Solve $8^{x-2} - 6^x = 56$ for $x$

Question

I was recently challenged to solve the following equation $8^{x-2} - 6^x = 56$ for $x$. There obviously has to be a solution, but how would you calculate that? I tried rewriting the left side from $a^2-b^2$ to $(a+b)(a-b)$ but that didn't really help me.

Answer 1

$y = x-2\\ 8^y - 36\cdot 6^y = 56\\ 6^y(\frac {8}{6}^y - 36) = 56\\ \frac {8}{6}^y - 36 > 0\\ y>\frac {\ln{36}}{\ln8-\ln6} = 12.456525$

Now we can substitue this number for $y$ to more tightly pin it down, if we felt it would to any good.

$\frac {56}{6^{13}}<\frac {8}{6}^y - 36 < \frac {56}{6^{12}}\\ \frac {\ln{36}+\frac {56}{6^{13}}}{\ln8-\ln6} < y <\frac {\ln{36+\frac {56}{6^{12}}}}{\ln8-\ln6} $

$x\approx \frac {\ln{36}}{\ln8-\ln6}+2$ is accurate to within $10^{-8}$

Answer 2

As already said, you need to use a numerical method for solving $$8^{x-2} - 6^x = 56\implies \frac{8^x}{64}-6^x=56\implies 8^x=64(56+6^x)$$ that is to say to find the zero of $$f(x)=8^x-64(56+6^x)$$ This function varies extremely fast (try to graph it) and it is better to consider $$g(x)=x\log(8)-\log(64(56+6^x))$$ Just by curiosity, make a graph of this function to see how nice how nice it is.

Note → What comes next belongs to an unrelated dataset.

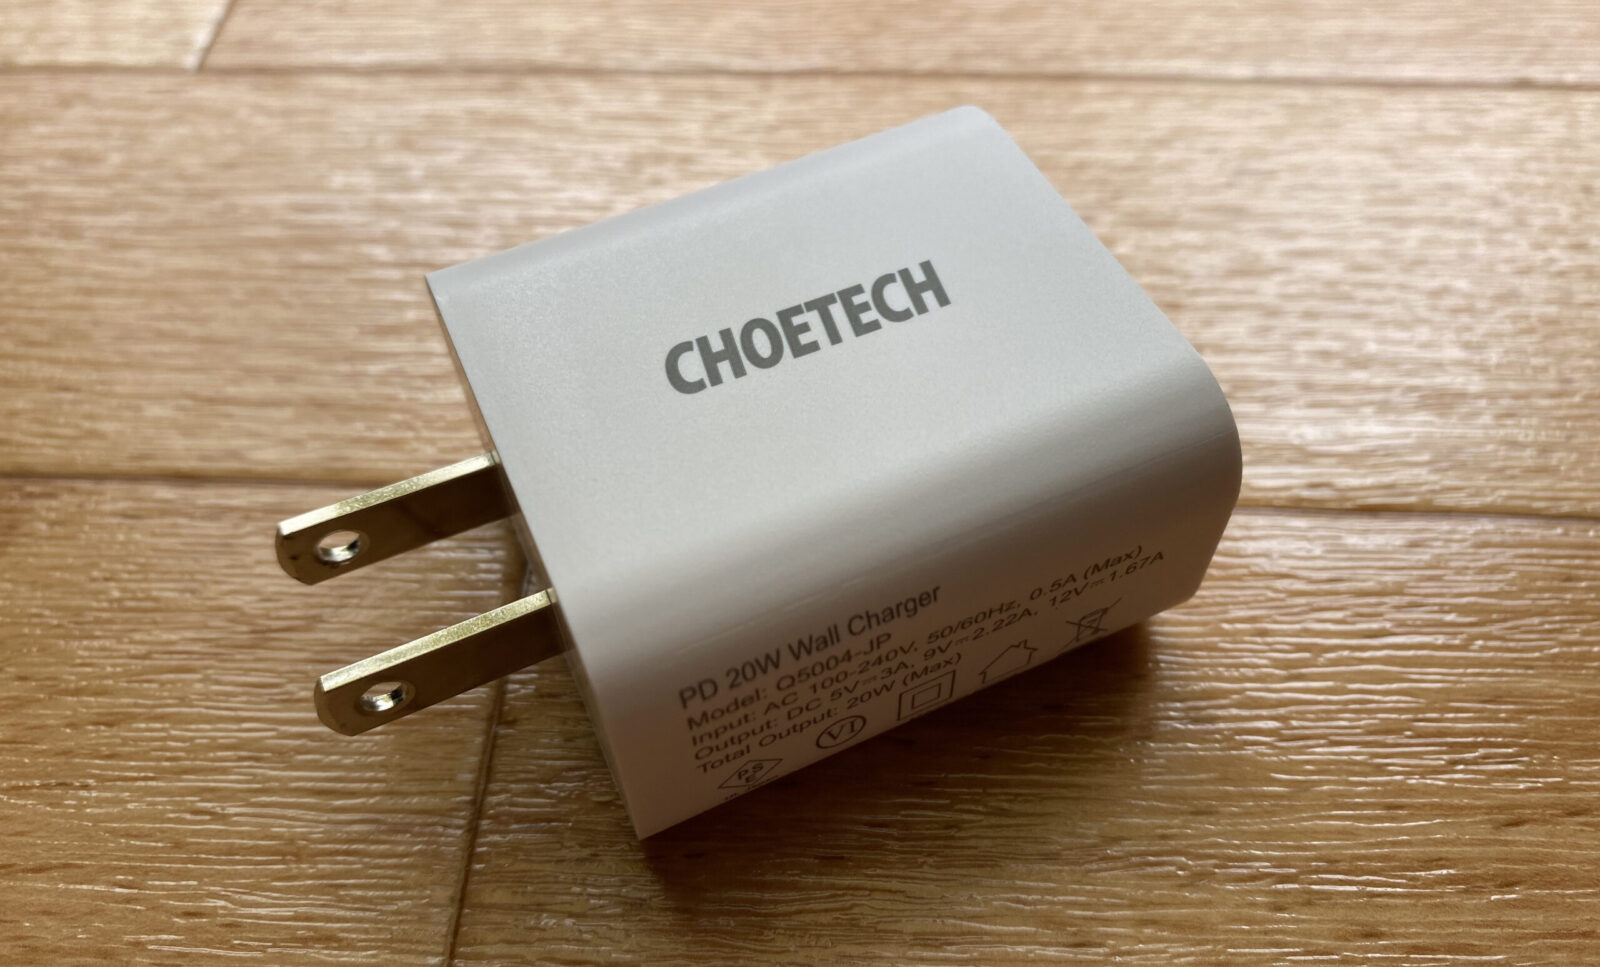 CHOETECHのPD充電器(20W USB-C PD Charger)の評価&レビュー！【iPhone&Android対応】のサムネイル画像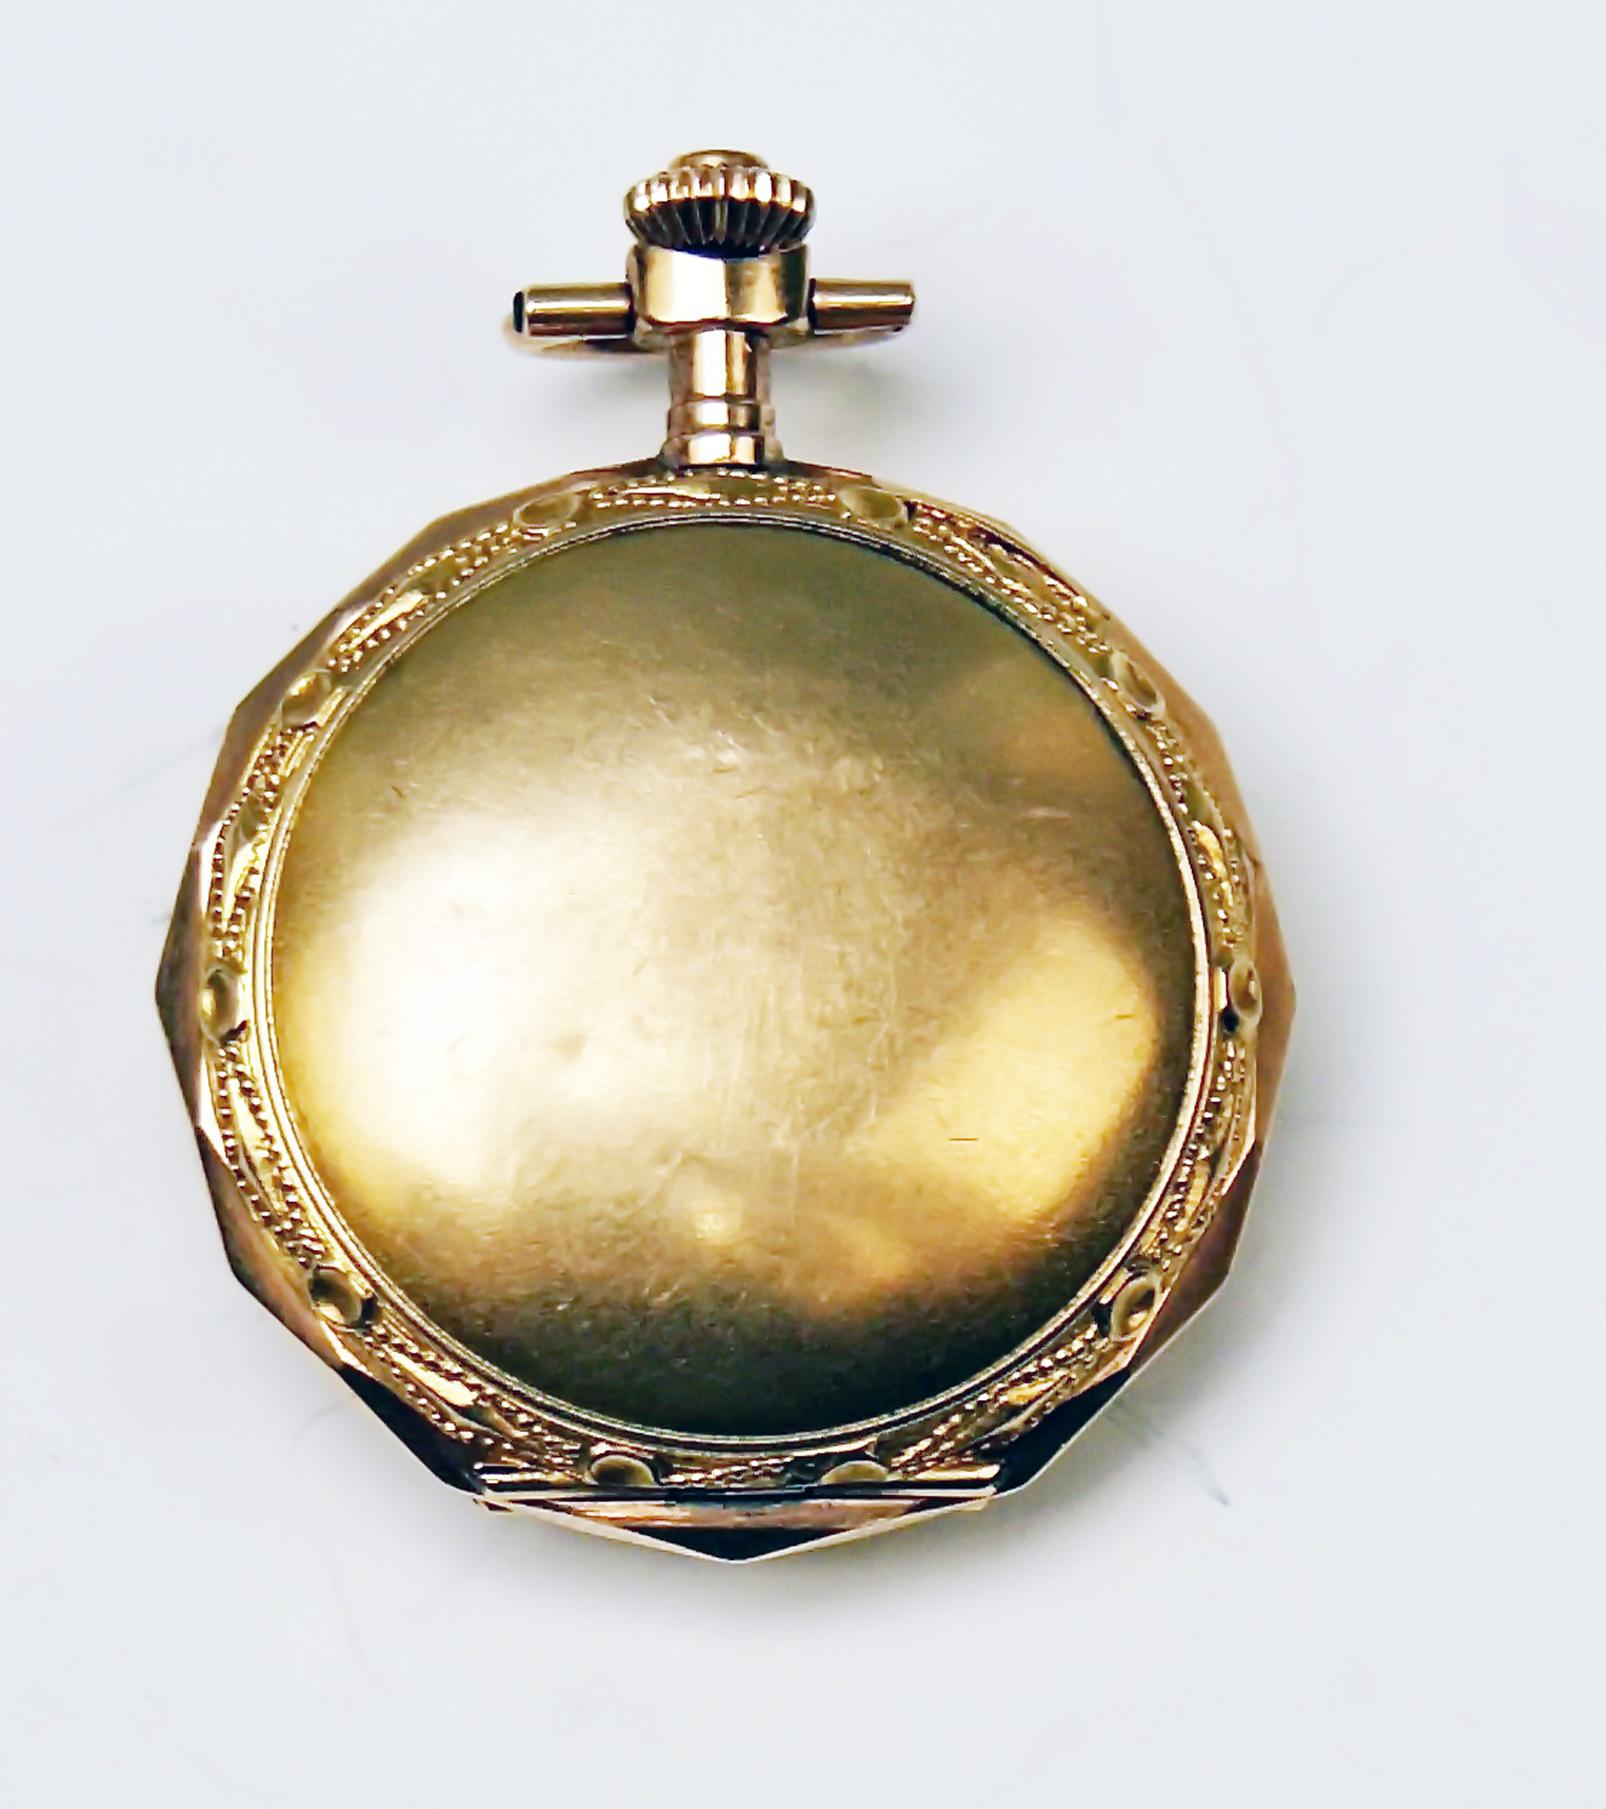 Remontoir Cylindre 10 Rubis - 2 For Sale on 1stDibs | remontoir cylindre 10  rubis value, remontoir 10 rubis pocket watch, remontoir cylindre 10 rubis  cena

Let us try Newton method; being very lazy, let us start with $x_0=0$. The iterates are $$\left( \begin{array}{cc} n & x_n \\ 0 & 0 \\ 1 & 4.0048367463046664599 \\ 2 & 12.443399536487988071 \\ 3 & 14.456524932583593226 \\ 4 & 14.456525039015510556 \end{array} \right)$$ which is the solution for twenty significant figures.

Being less lazy, you could notice that $(8^6-6^8)$ is a huge negative number. So, start using $x_0=8$; the first iterate of Newton method is $14.4553$ and the second one is almost the solution for ten significant figures.